**Exercise brief:**
Repeat the listing below in full and exactly, but without its pictures.

-- Source data follows --

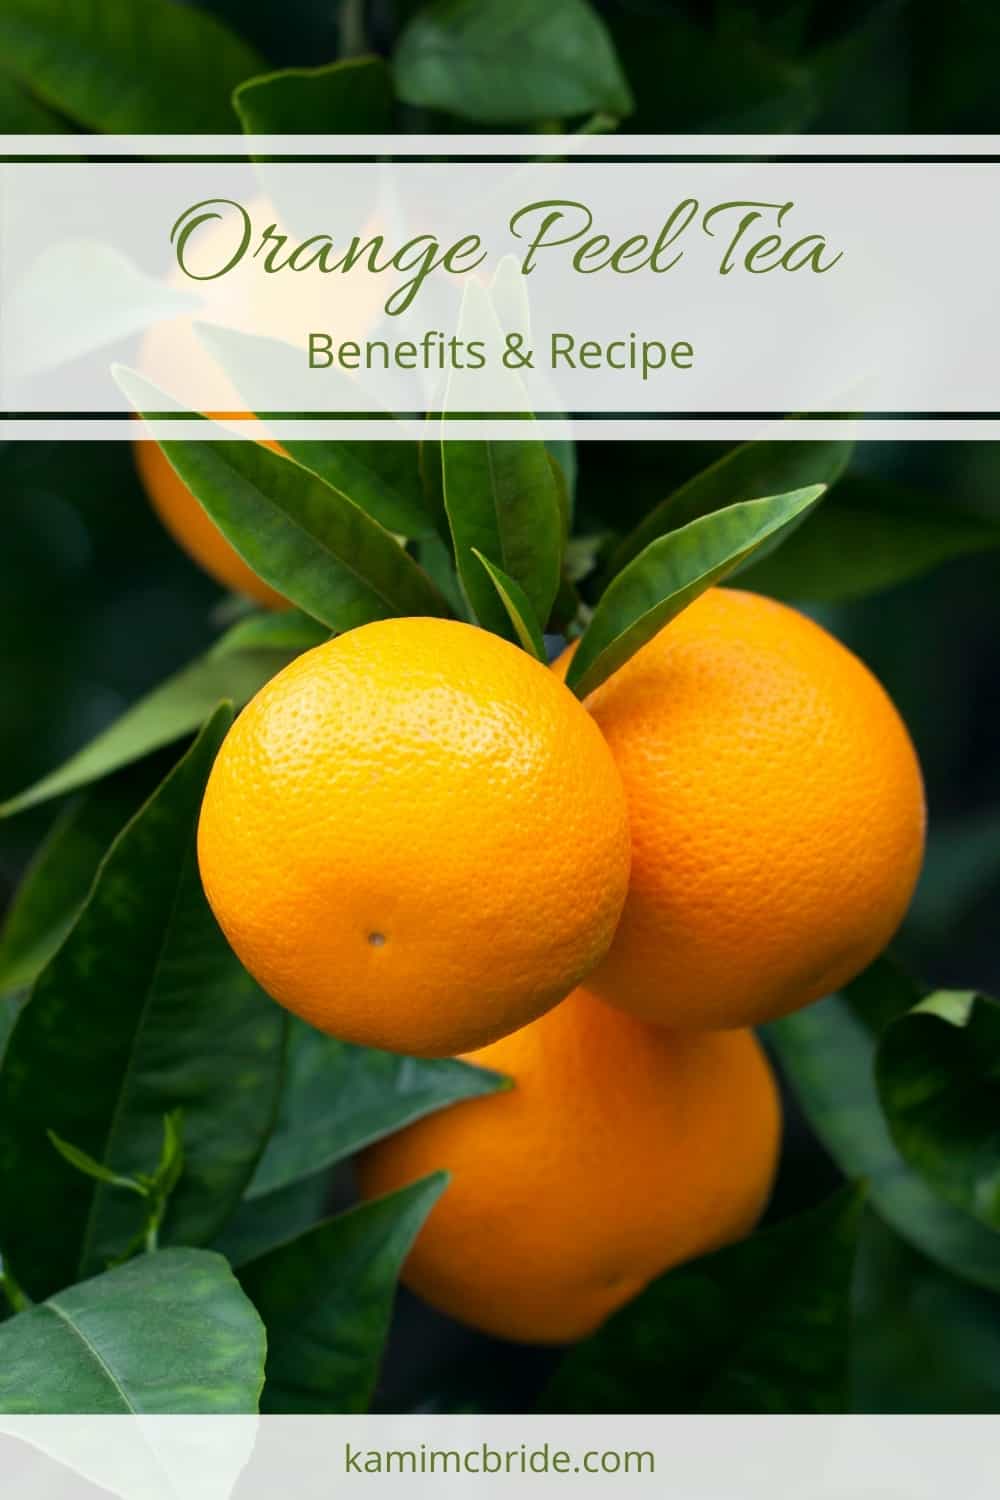 Orange Peel Tea: Benefits & Recipe
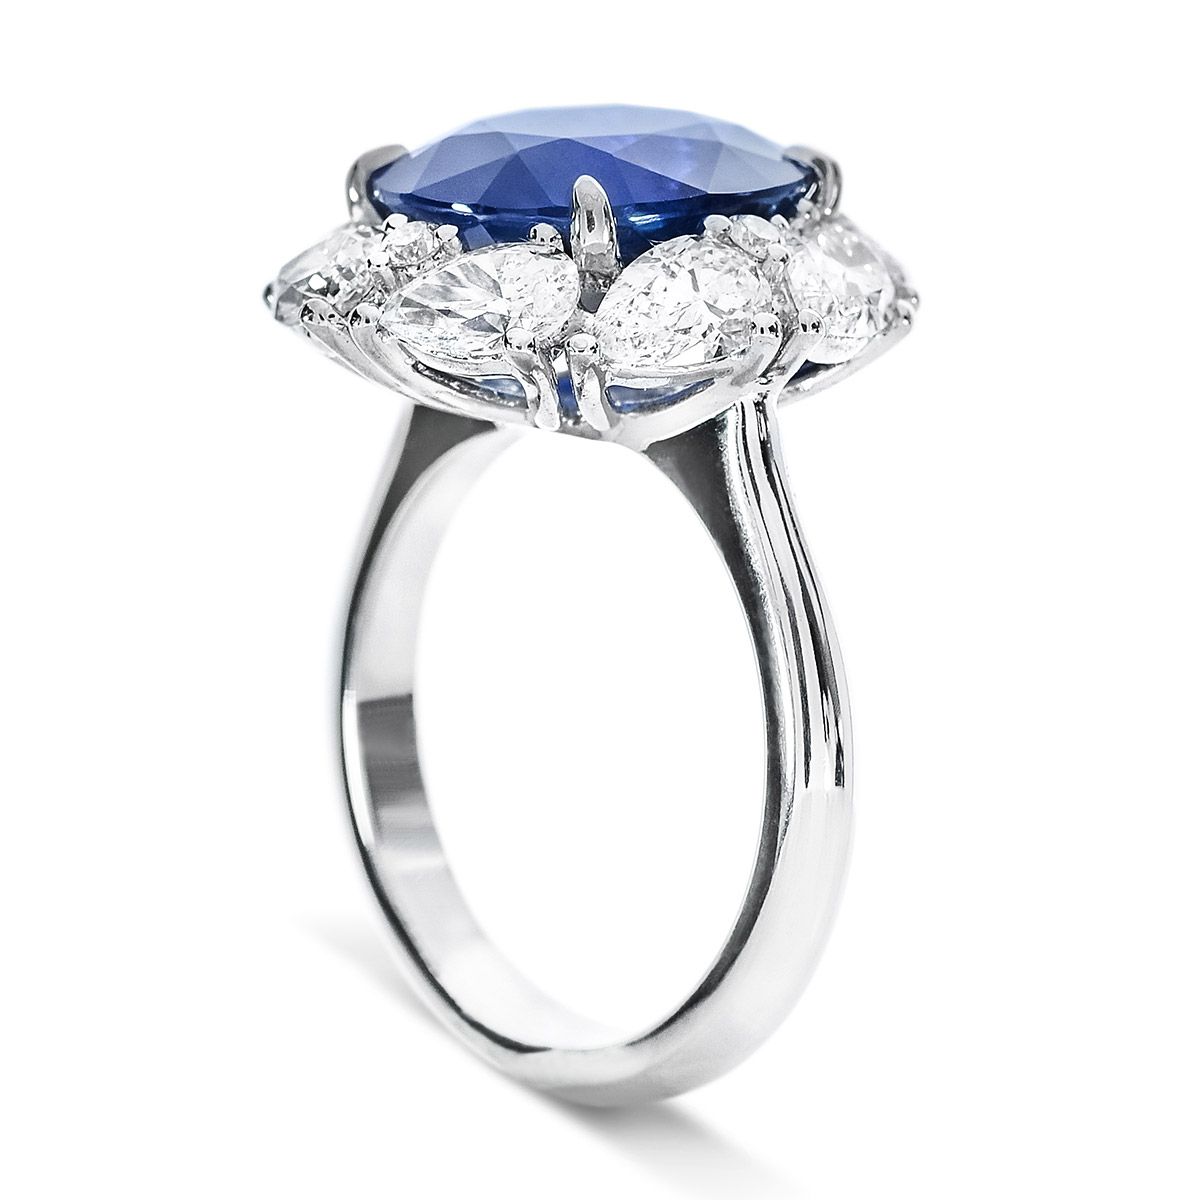 Natural Vivid Blue Burma Sapphire Ring, 6.67 Carat, GRS Certified, GRS2017-022147, Unheated
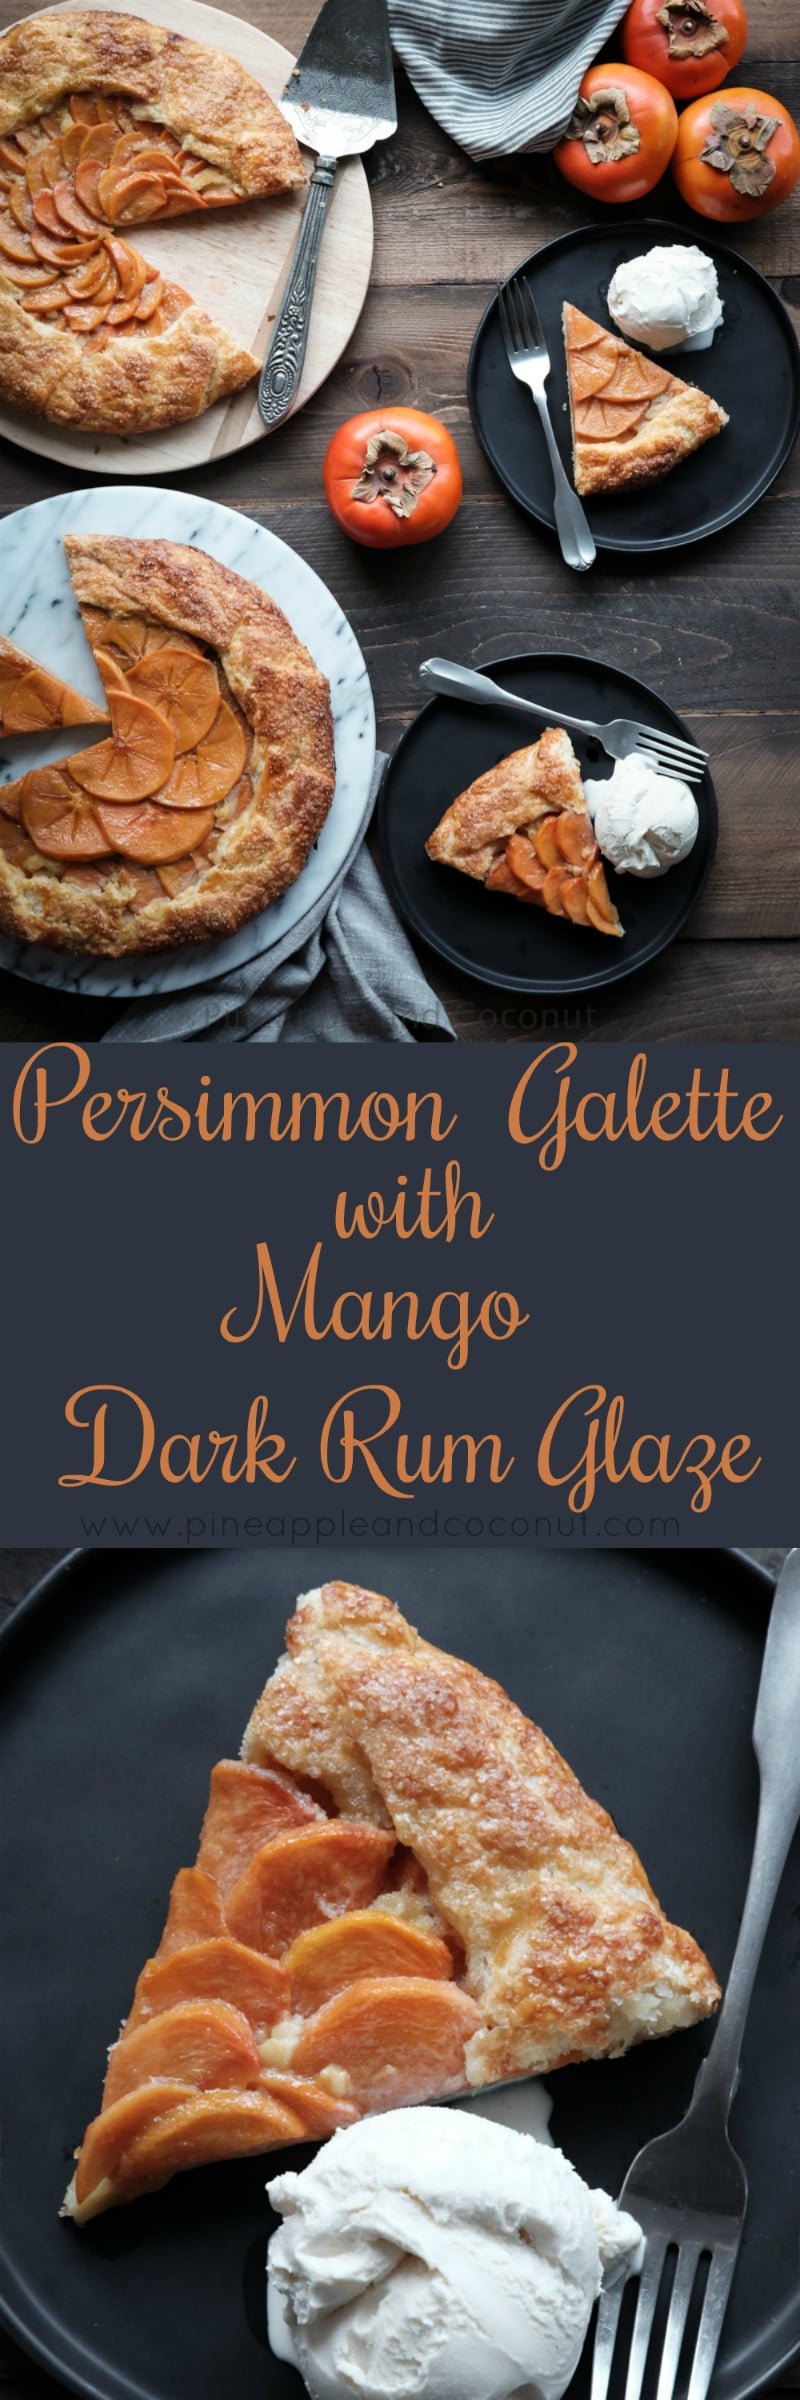 Persimmon Galette with Mango Rum Glaze With Mango Dark Rum Glaze www.pineappleandcoconut.com
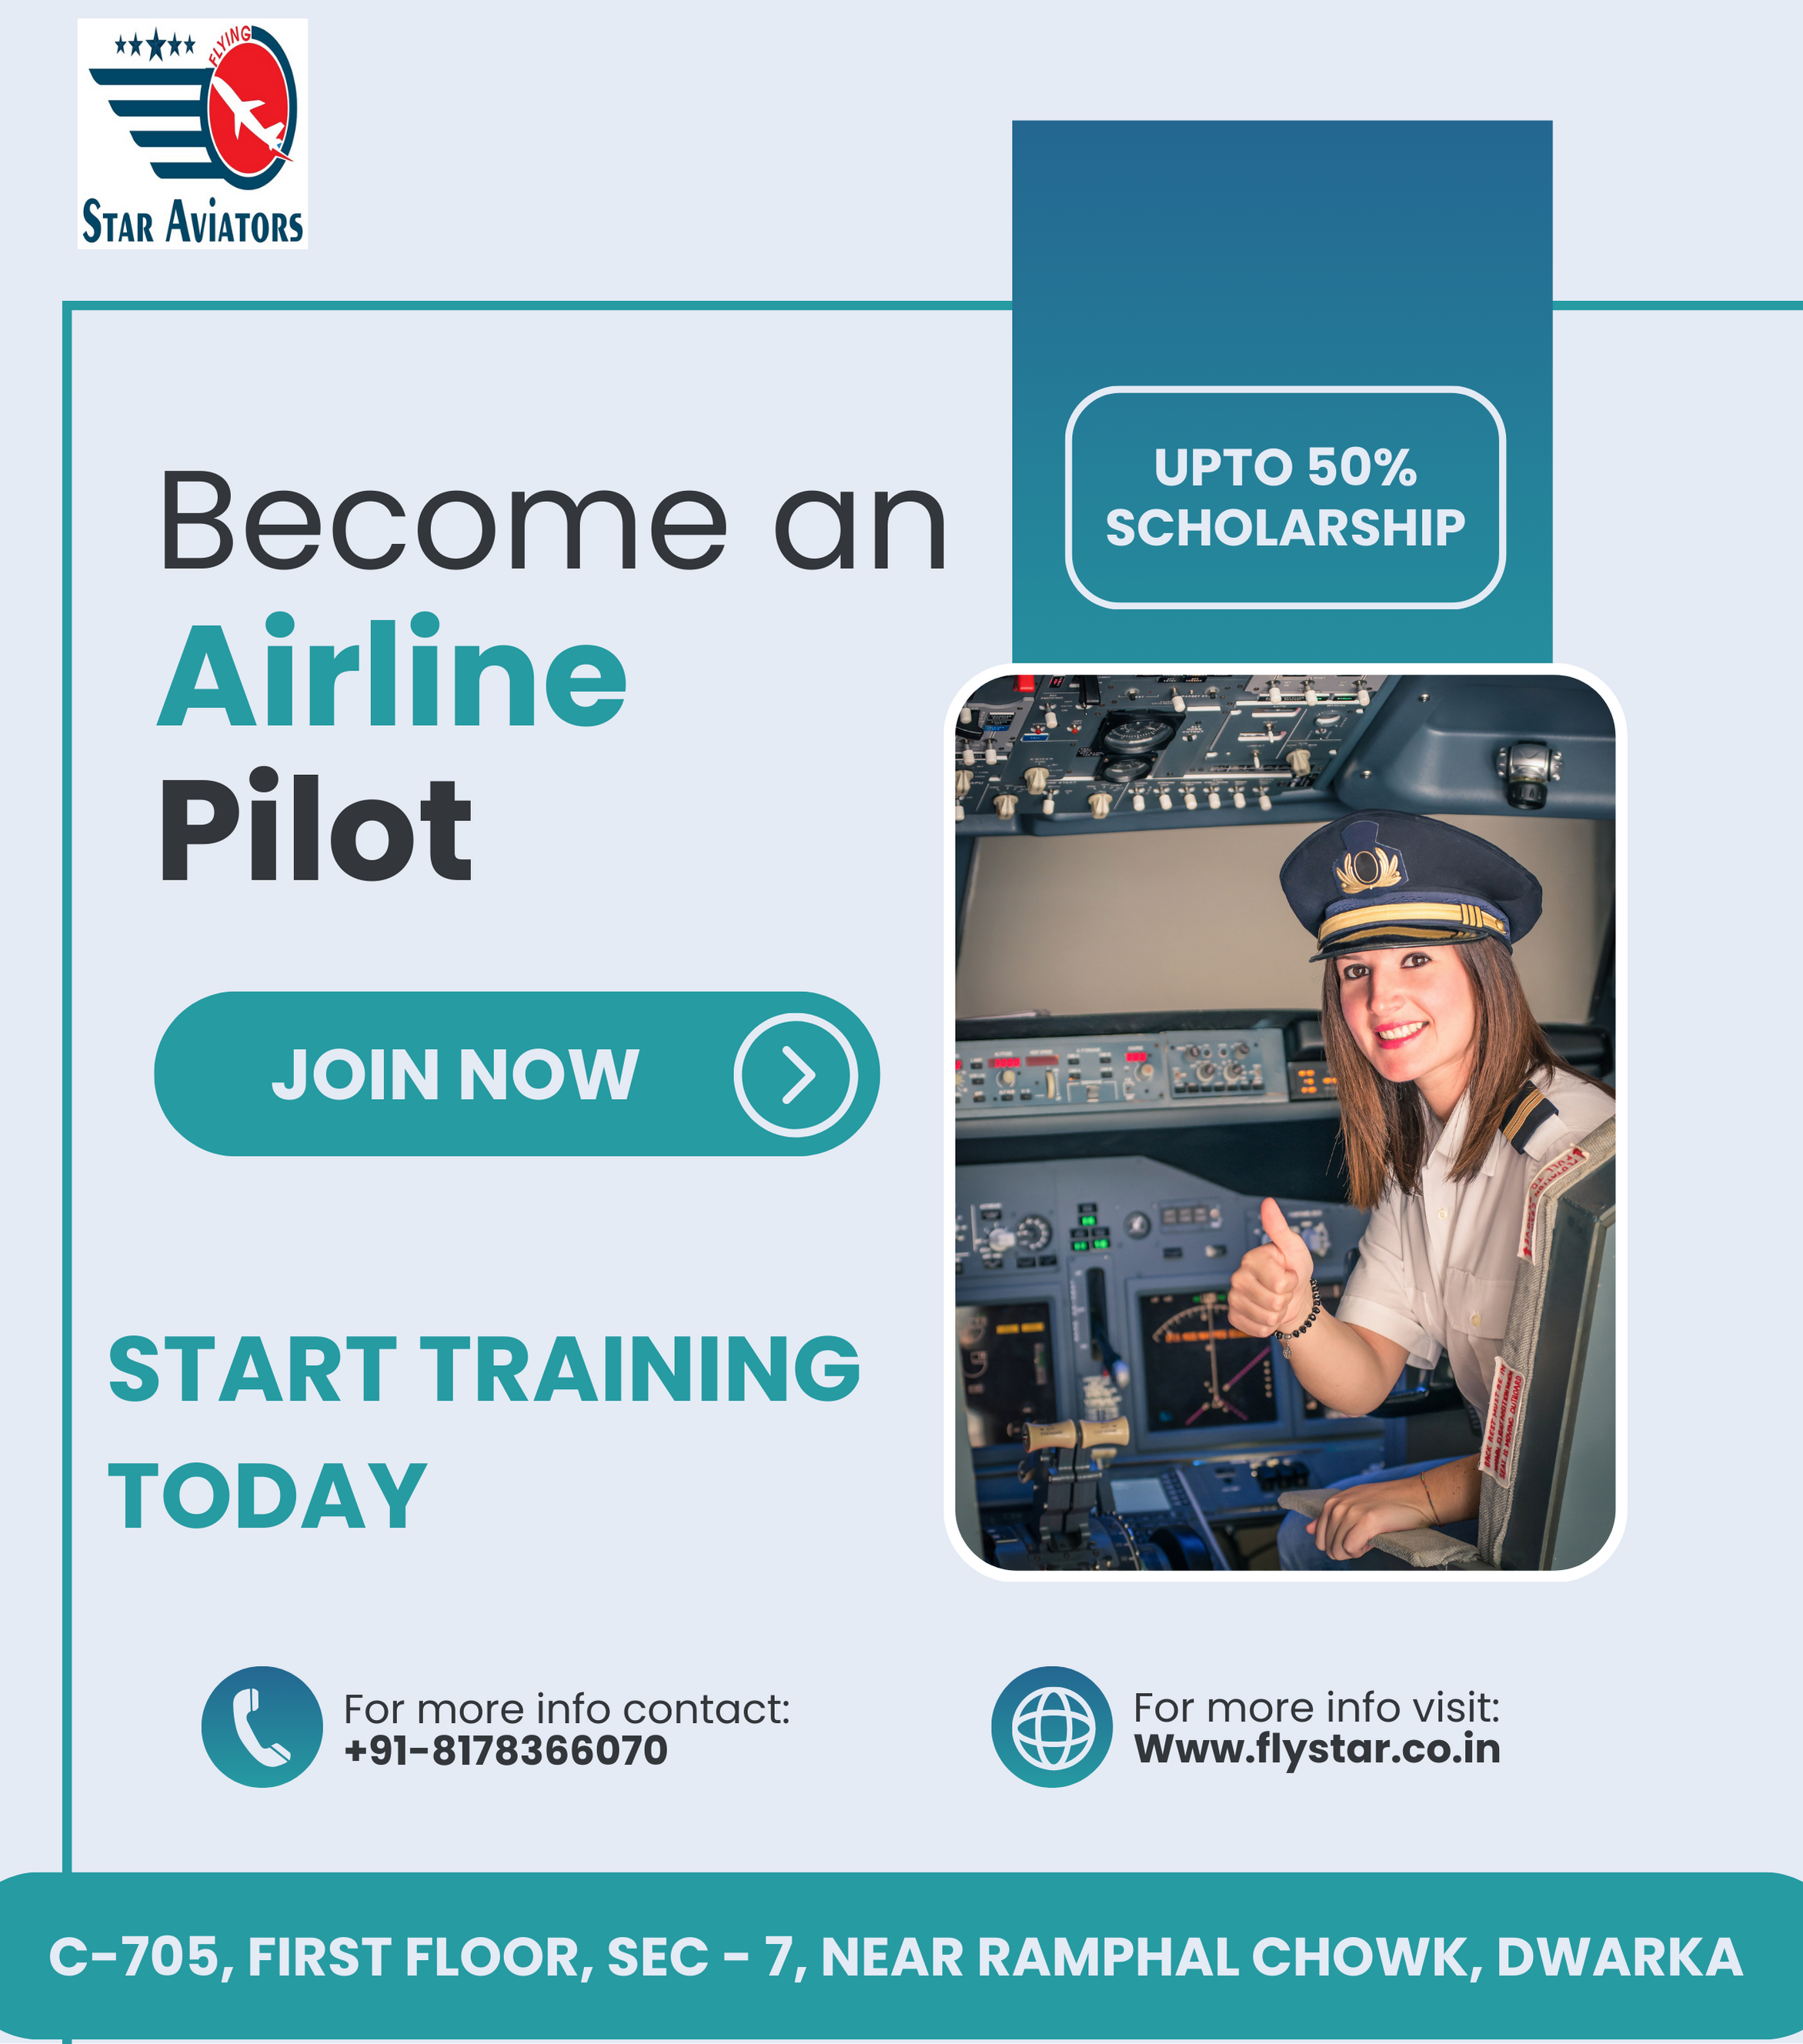 Pilot Training institute in India - Flying Star Aviators

-- Source data concluded --

**Response area:**
 Orange Peel Tea: Benefits & Recipe
 Natural Vivid Blue Burma Sapphire Ring, 6.67 Carat, GRS Certified, GRS2017-022147, Unheated
 Persimmon Galette with Mango Rum Glaze With Mango Dark Rum Glaze www.pineappleandcoconut.com
 Pilot Training institute in India - Flying Star Aviators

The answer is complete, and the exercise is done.